African time

African time

"Africa time" or African time is a colloquial term used to describe a perceived cultural tendency, in some parts of Africa, toward a more relaxed attitude to time. This is sometimes used in a negative sense, about tardiness in appointments, meetings and events. The term is also sometimes used to describe the more leisurely, relaxed and less rigorously scheduled lifestyle found in these countries, especially as opposed to the more hectic, clock-bound pace of daily life in Western countries.

The concept has become a key self-criticism in modern Africa. According to one Ghanaian writer,

One of the main reasons for the continuing underdevelopment of our country is our nonchalant attitude to time and the need for punctuality in all aspects of life. The problem of punctuality has become so endemic that lateness to any function is accepted and explained off as "African time.
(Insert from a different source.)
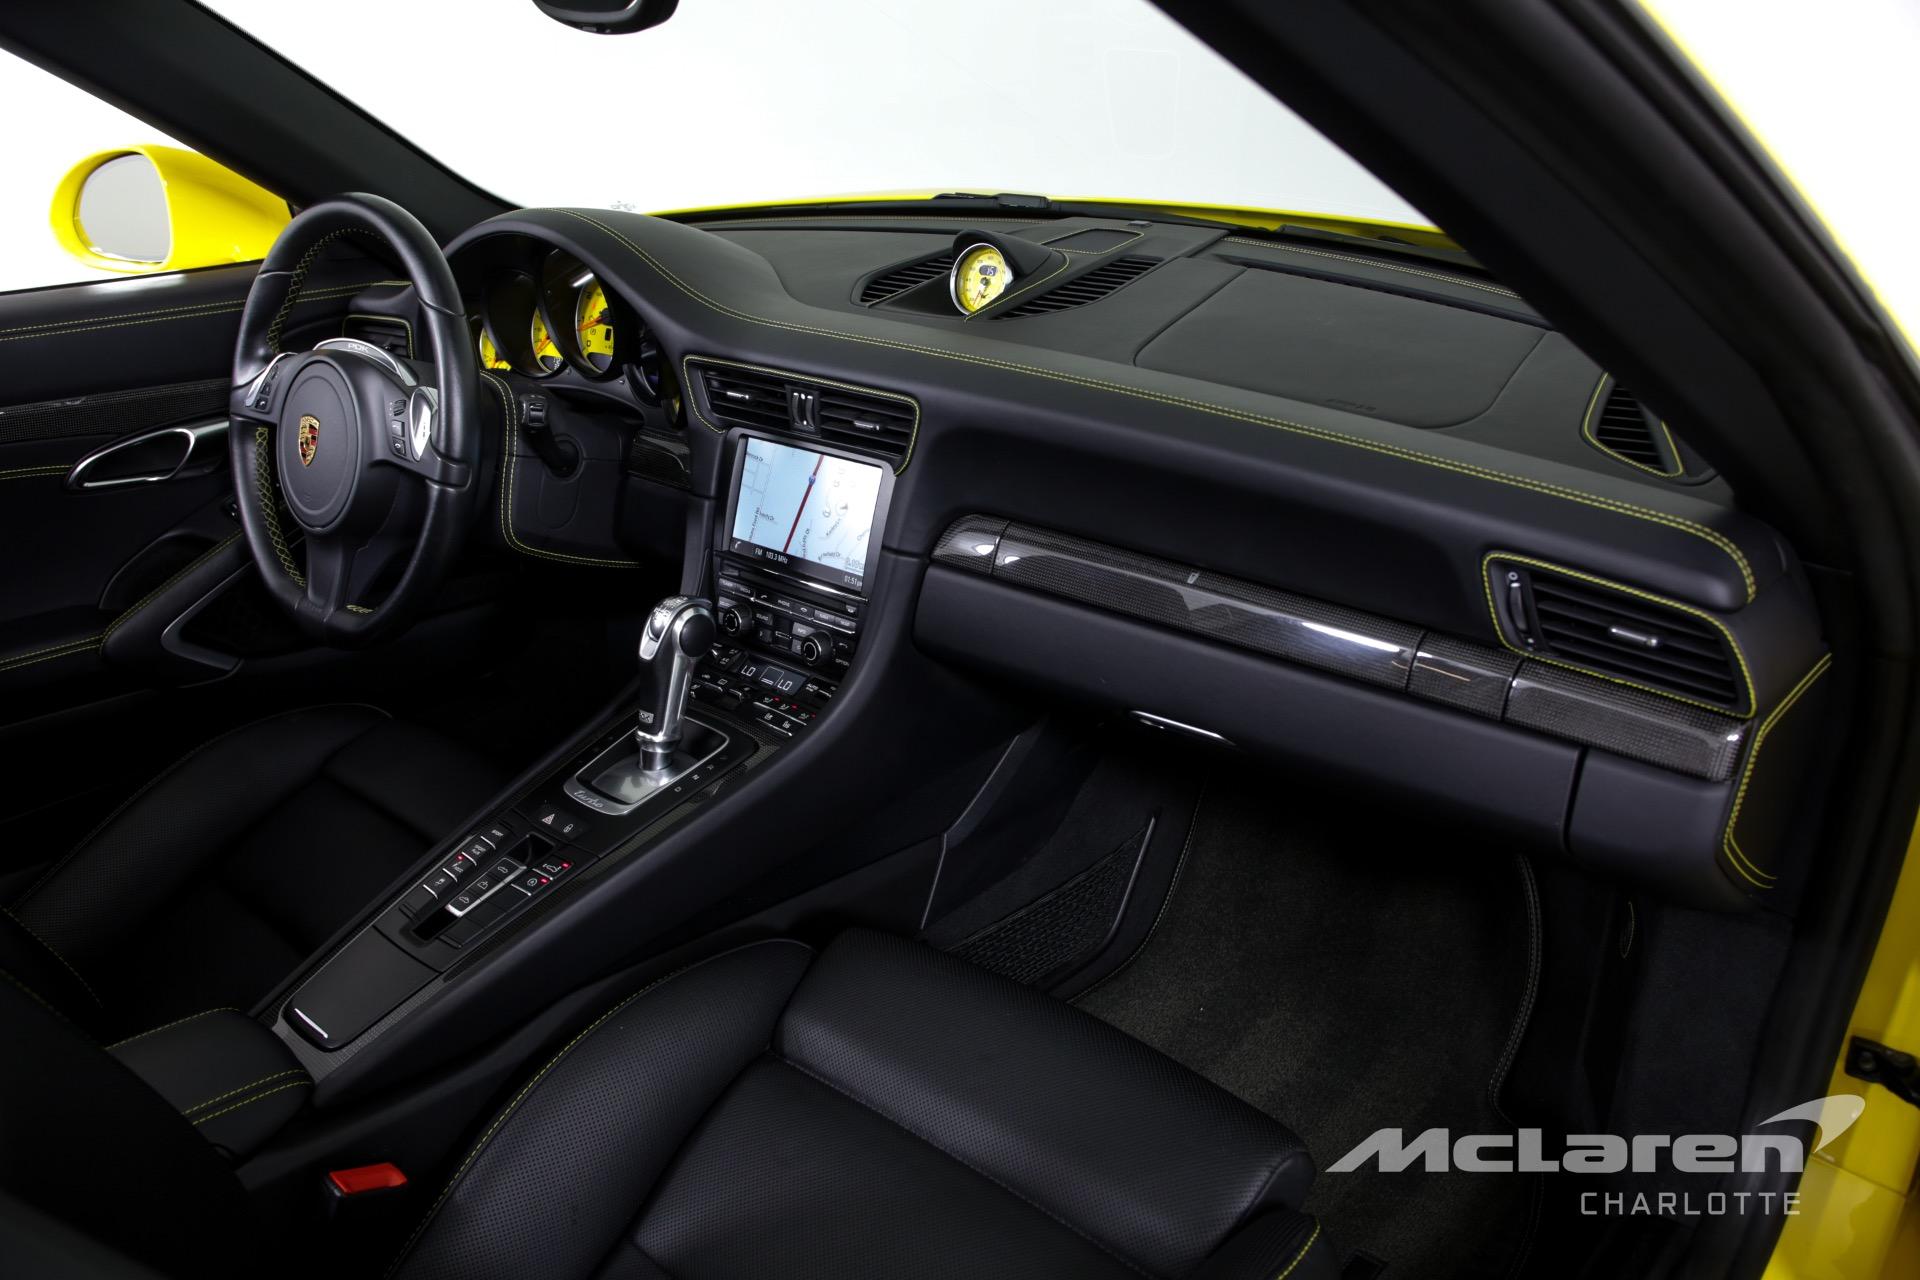 Used 2015 Porsche 911 Turbo S | Charlotte, NC

In October 2007, an Ivorian campaign against African time, backed by President Laurent Gbagbo, received international media attention when an event called "Punctuality Night" was held in Abidjan to recognize business people and government workers for regularly being on time. The slogan of the campaign is "'African time' is killing Africa - let's fight it." Reuters reported that "organizers hope to heighten awareness of how missed appointments, meetings or even late buses cut productivity in a region where languid tardiness is the norm." It was remarked that this year's winner, legal adviser Narcisse Aka--who received a $60,000 villa in recognition of his punctuality--"is so unusually good at being punctual that his colleagues call him 'Mr White Man's Time'.

Popular culture

The concept of Africa Time is demonstrated in the award-winning short film Binta and the Great Idea. The protagonist of the film, a fisherman in a small village in Senagal, can't understand the new ideas brought back from Europe by his friend, these are symbolized by a Swiss wristwatch that alarms at various times to the delight of the friend, but for no apparent reason. The fisherman is shown making his way through the various ranks of officials with his idea, which in the end is a sharp criticism of Western culture's obsession with efficiency and progress.